There are many reasons married couples need to live apart temporarily: military duty; long-term missionary work or furloughs; immigration requirements; seasonal occupations; business trips; college or university studies; caring for sick or dying relatives.

The list goes on and on. But how is it possible to remain connected emotionally and spiritually when you seem to be living not only in two different places, but living two separate lives? Here are some things to think about as you prepare for a time of separation.

Define the details

Before committing as a couple to the reason for your spouse’s departure, consider the impending frequency of these trips and decide what your relationship can handle. Lay out your expectations of one another for the time you’re apart.

Discuss realistically the time you’ll be able to spend communicating by phone or video calling. Are you able to schedule daily times together, or will it be dependent on each day’s itinerary?

How often will you be able to visit? How can you budget for that?
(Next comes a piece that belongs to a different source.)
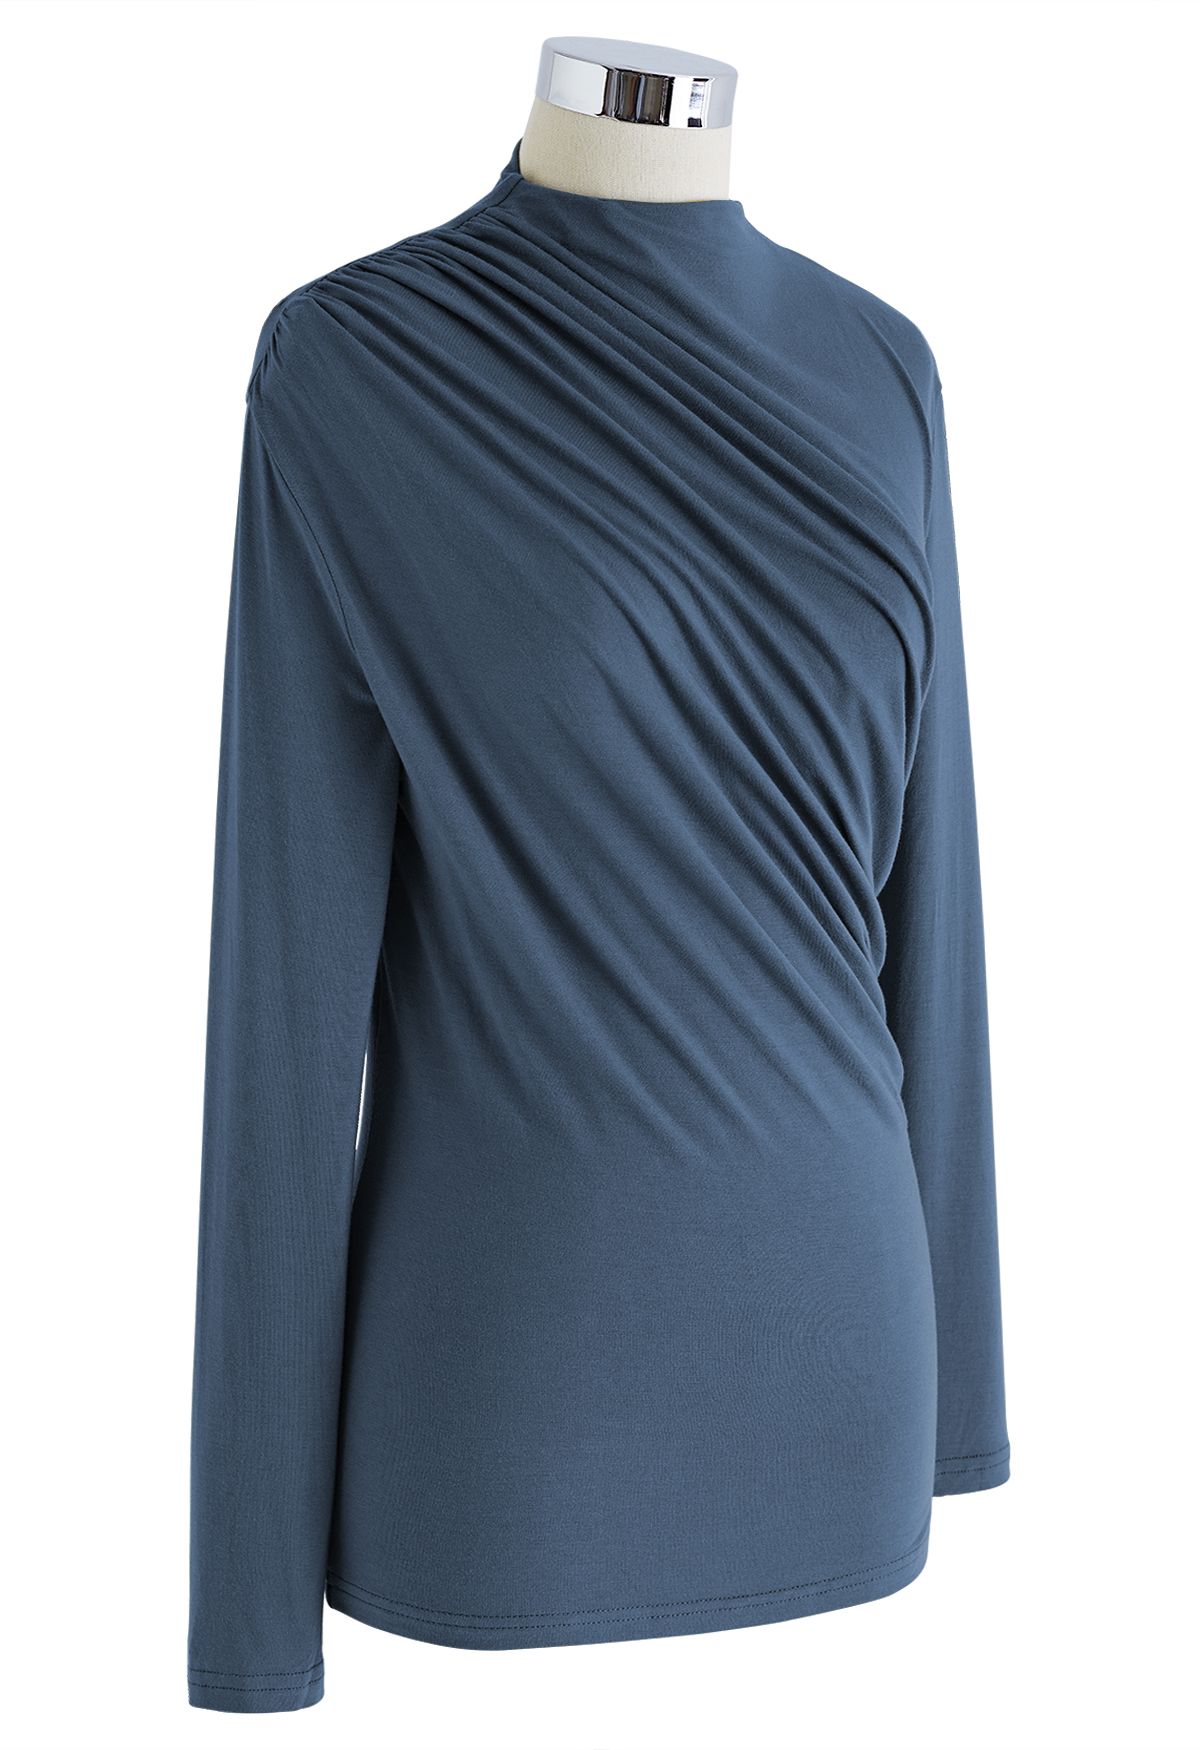 Ruched Long Sleeves Top in Teal

And how will decisions about finances, family and other important home issues be made in your spouse’s absence? Will you make an "executive" decision, or does your spouse want to be included in the details?

What expectations revolve around Christmas, Easter and other holidays and special events? Does your spouse expect to receive home videos of everything they’ve missed, or a journal or letters to read upon their return?

What do you anticipate from each other upon your reunion? Take into account how well – or poorly – your spouse travels. Consider that they may need some downtime before doing anything social when they return home.

Set boundaries and talk trust

Now is not the time to assume your spouse can read your mind. What are your biggest fears during this separation? Be honest. Discuss what each of you can do to dispel those fears. Consider setting up accountability partners who have the freedom to ask any question and receive an honest answer. This removes you both from feeling like you have to ask repetitive and obligatory "check-in" questions each time you speak; instead, you can focus on talking about things that matter.

Discuss the implications of the nature of the trip. If your spouse is travelling for business, how are accommodations set up with coworkers of the opposite sex? Will the group be doing social activities during downtime in which your spouse may feel pressured to participate? How will they rectify this situation without compromising their working relationships?

Say what you mean, and mean what you say. If you try to communicate by using a negative tone of voice or by projecting a bad attitude when something is bothering you, your "hints" may get lost in translation. Bottling up hurt or confused feelings will only cause them to reappear in harmful ways, like sarcasm, jealousy and accusations. Remember that your situation is temporary and that many issues can easily be blown out of proportion. However, try not to dump all your struggles on your spouse, either. It can create tension and cause unnecessary arguments when the one who is away feels frustrated that they cannot "fix" an issue.

Be proactive

Make it a point to read Gary Chapman’s book, The Five Love Languages, before your separation. Knowing how your spouse best gives and receives love can make a world of difference when you are attempting to express your adoration over the phone, or in a letter or care package. If you have trouble coming up with ideas, there are plenty of suggestions online for how to stay in touch with loved ones from afar. Find some that suit your partner and get creative!

If your church hosts each week’s message on its website, be sure that you attend in person and your spouse makes the time to catch it online. Then set a phone or video call coffee date to discuss how it applies to your marriage and your personal faith journeys. This will keep your family moving in a cohesive spiritual direction. Encourage your pastor or small group leader to keep in touch with your spouse, as well.

If you have a regular daily timeslot together, try reading to one another from a devotional book, like Dr. James and Shirley Dobson’s Night Light: A Devotional for Couples. And most importantly, pray together. It may feel awkward the first couple of times, but praying on the phone creates as much intimacy between you as a couple, and with the Lord, as does praying together in person.